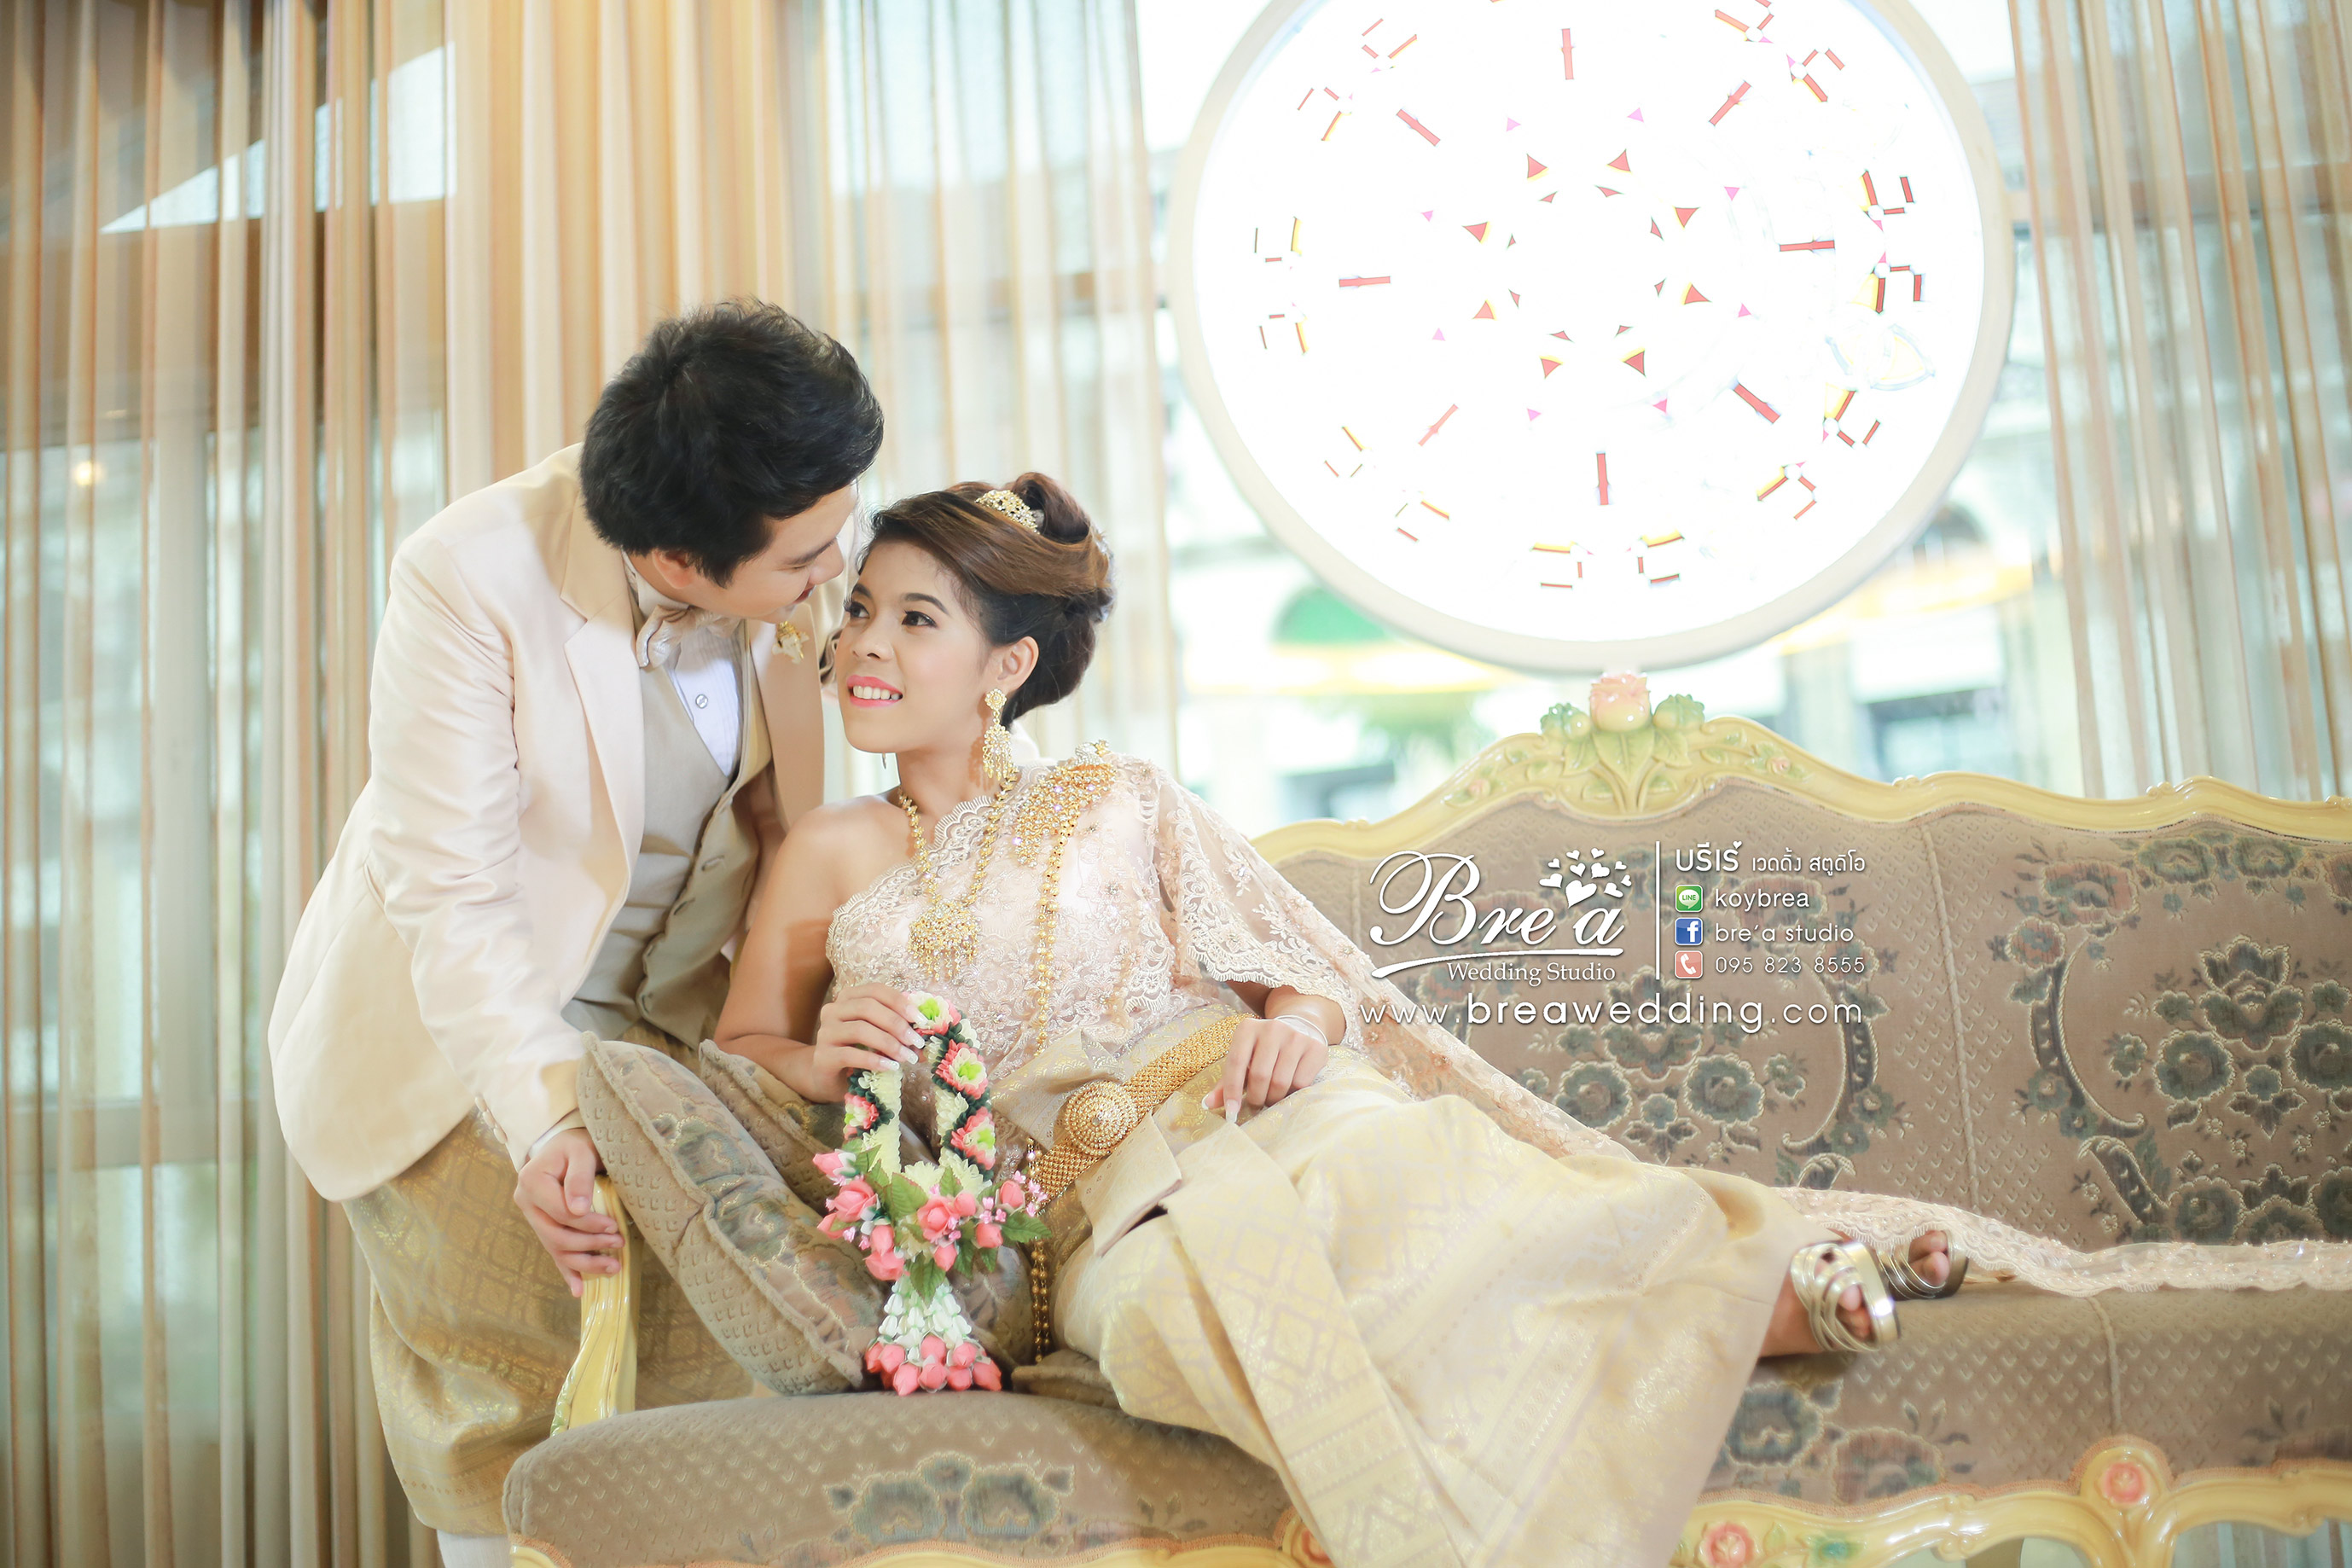 ชุดแต่งงาน ชุดเจ้าสาว ชุดไทยแต่งงาน ร้านเวดดิ้ง ร้านชุดแต่งงาน ถ่ายภาพแต่งงาน นนทบุรี
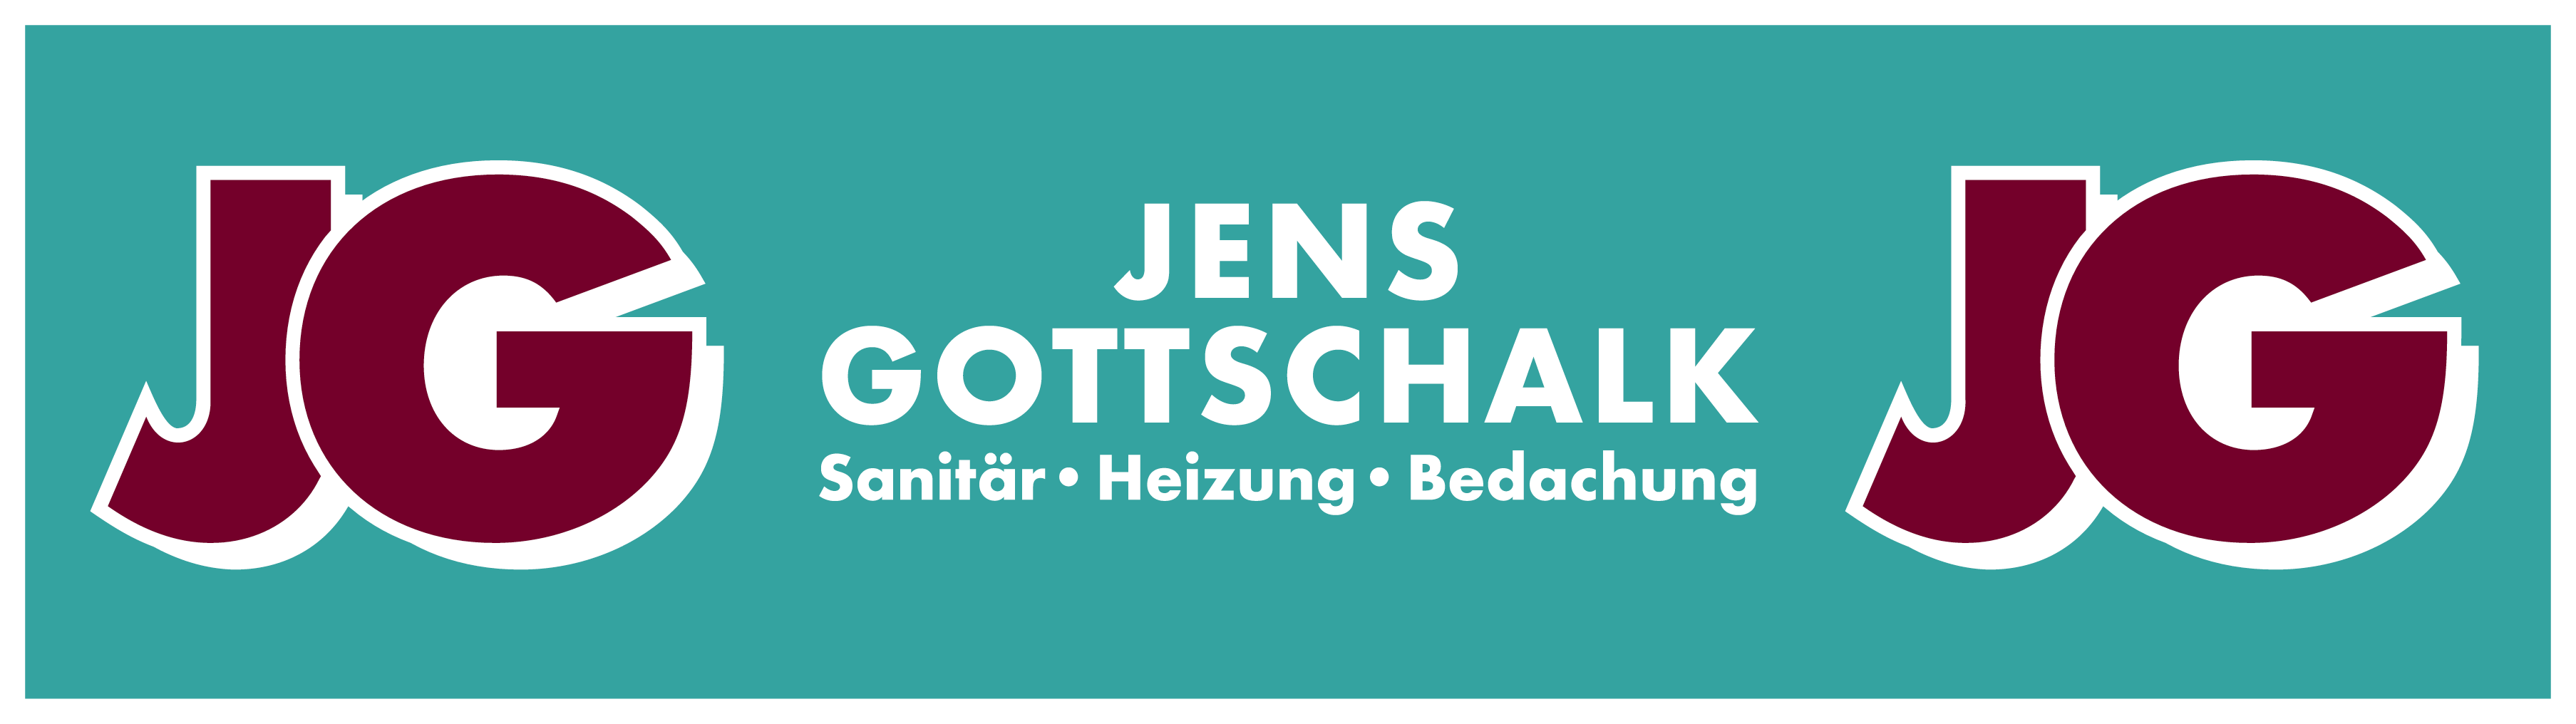 Trikotwerbung Gottschalk_Logo
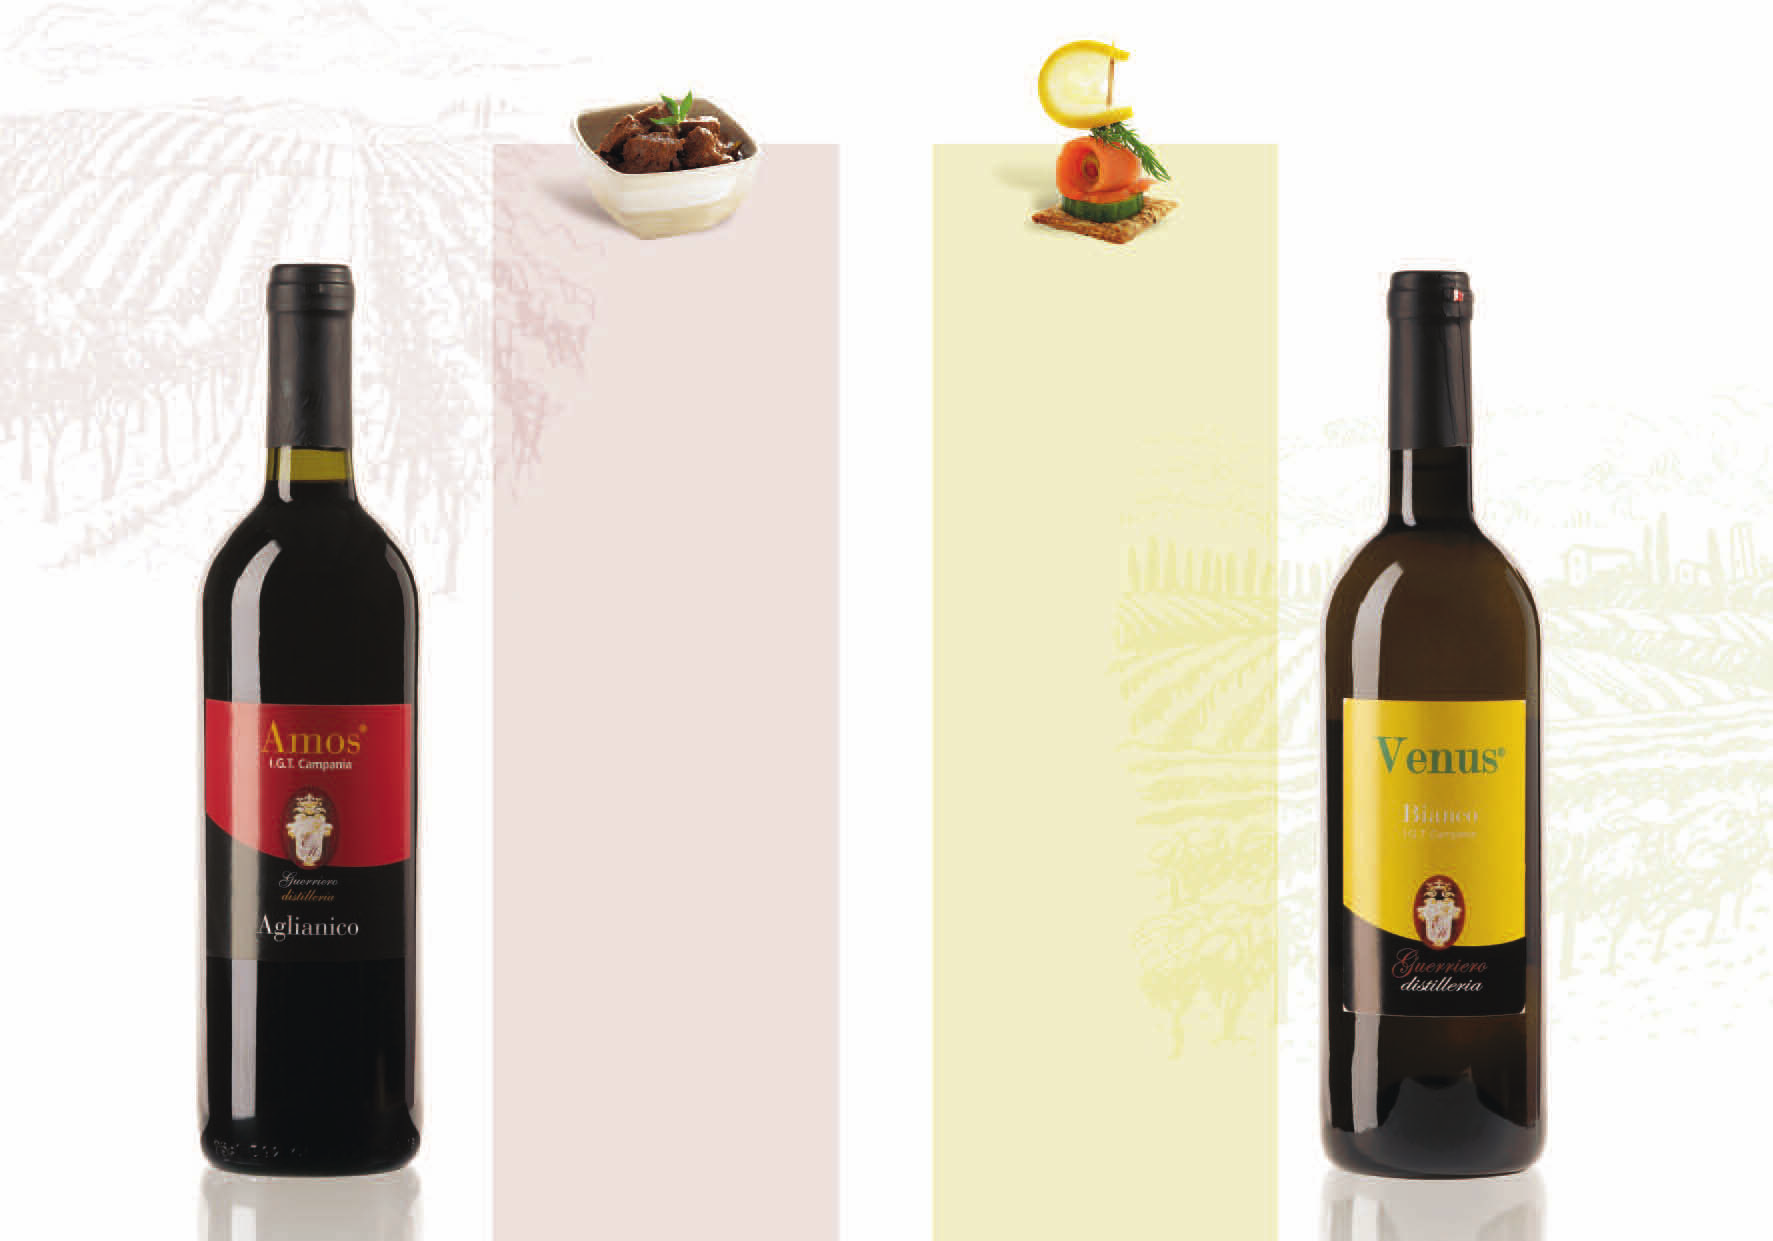 venus vino bianco Venus nasce esclusivamente da vigne curate con pratiche enologiche, nel rispetto dell ambiente. Il colore ambrato giallo paglierino e il profumo intenso denotano la nobiltà del vino.

**THE PROBLEM**
Output everything in the material exactly. Pictures stay out of it.

**RESPONSE TO THE TASK**
 ชุดแต่งงาน ชุดเจ้าสาว ชุดไทยแต่งงาน ร้านเวดดิ้ง ร้านชุดแต่งงาน ถ่ายภาพแต่งงาน นนทบุรี
 Trikotwerbung Gottschalk_Logo
 venus vino bianco Venus nasce esclusivamente da vigne curate con pratiche enologiche, nel rispetto dell ambiente. Il colore ambrato giallo paglierino e il profumo intenso denotano la nobiltà del vino.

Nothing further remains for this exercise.